After the decree of the court defendant could not make any of the payments on the alimony judgment without placing himself in such a position that he would have been held to have complied with the judgment and could not proceed with his appeal. After the case reached this court, upon plaintiff’s application, the court made an order that defendant should pay to the clerk of this court, for the benefit of plaintiff, $50 per month pending the further order of the court, and also should pay $50 to be used by plaintiff as expense money in the preparation of her defense to the appeal. This court is always slow to set aside an order of the trial court which is in its discretion. In deference to that this court feels it should sustain as much of the order as under any circumstances it would be possible for the court to conceive that the trial court was justified in making. The only reason we find for any additional allowance of alimony to be paid from future earnings is the fact that at the time of the trial plaintiff was nervous and worried.

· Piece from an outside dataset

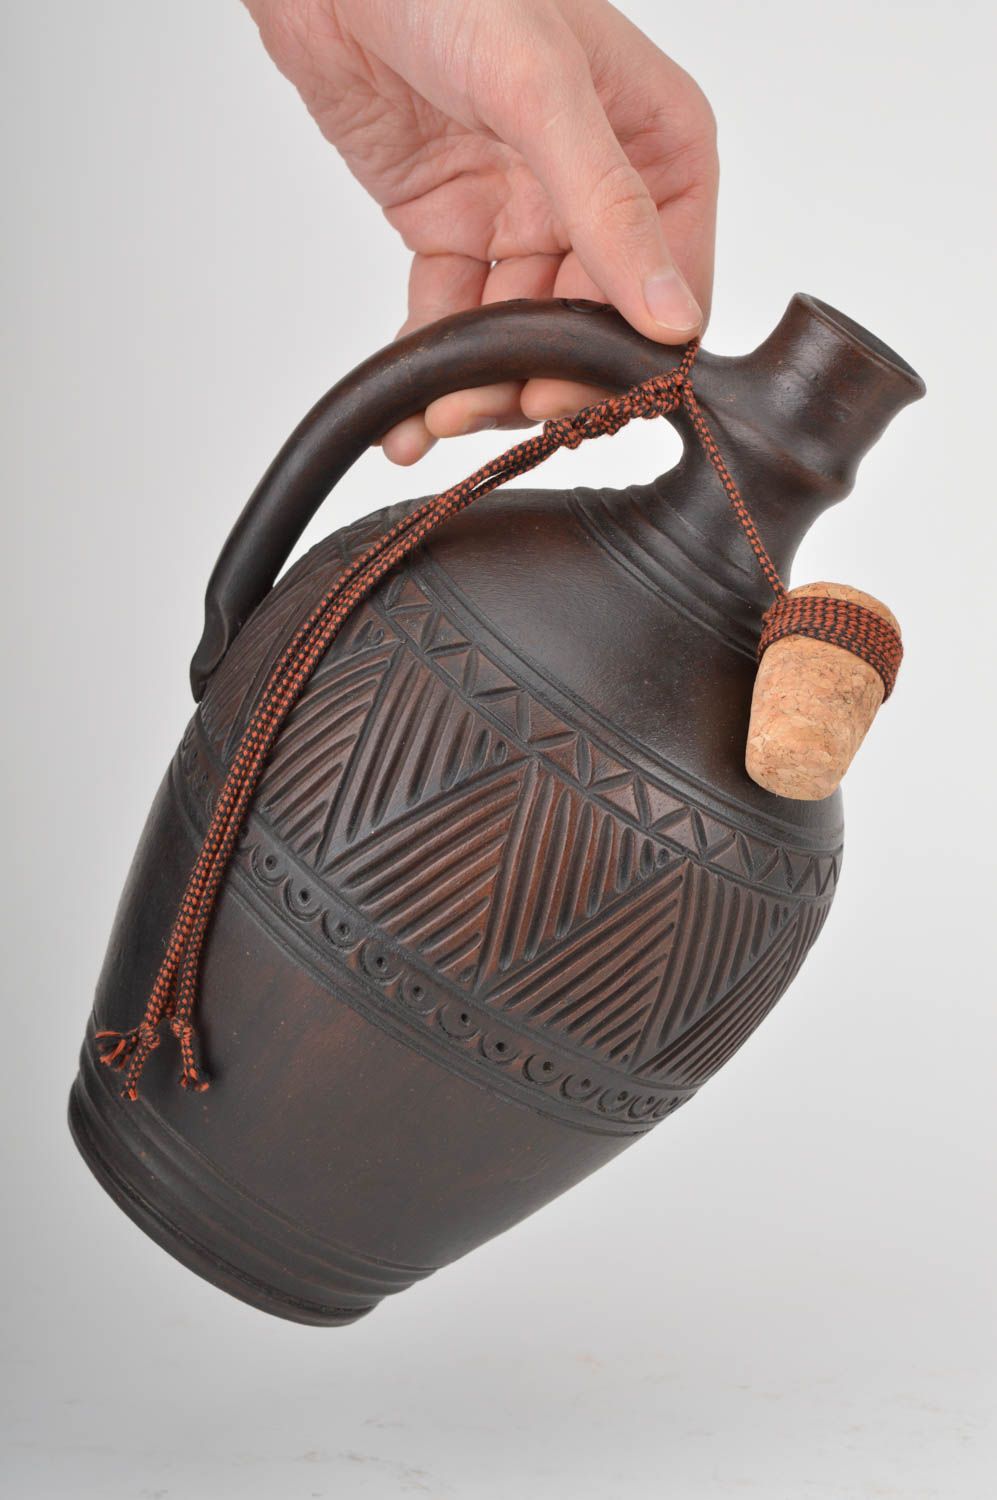 Ton Krug mit Holz Kork Keramik Geschirr für Küche handmade dunkel 2 l originell foto 3

Respecting the second item complained of by defendant in this court, the judgment against defendant for an attorney’s fee of $250 to be paid as a part of the costs of the action, for which execution should issue, it is this court’s judgment that the sum was too large and that an allowance of $150 is the maximum which should have been allowed. Inasmuch as the defendant brought the case to this court and plaintiff had to have an attorney to represent her here, for which an attorney’s fee is claimed, we'have concluded to allow an attorney’s fee for the services of plaintiff’s attorney in this court of $100 and to further modify the judgment of the trial court with respect to when the attorney’s fee should be paid so as to provide that the, total attorneys’ fees of $250 for services in both courts instead of being subject to execution shall be made payable at the rate of $50 per month beginning at the termination of the payment of the alimony judgment to plaintiff of $900, with the credits above mentioned. The payment of alimony through the clerk of this court shall cease with the payments made by the date of the filing of this opinion and the future payments of alimony and attorneys’ fees shall be made through the office of the clerk of the district court, beginning August 1, 1945.
The judgment of the trial court should be modified in harmony with the views of this court. It is so ordered.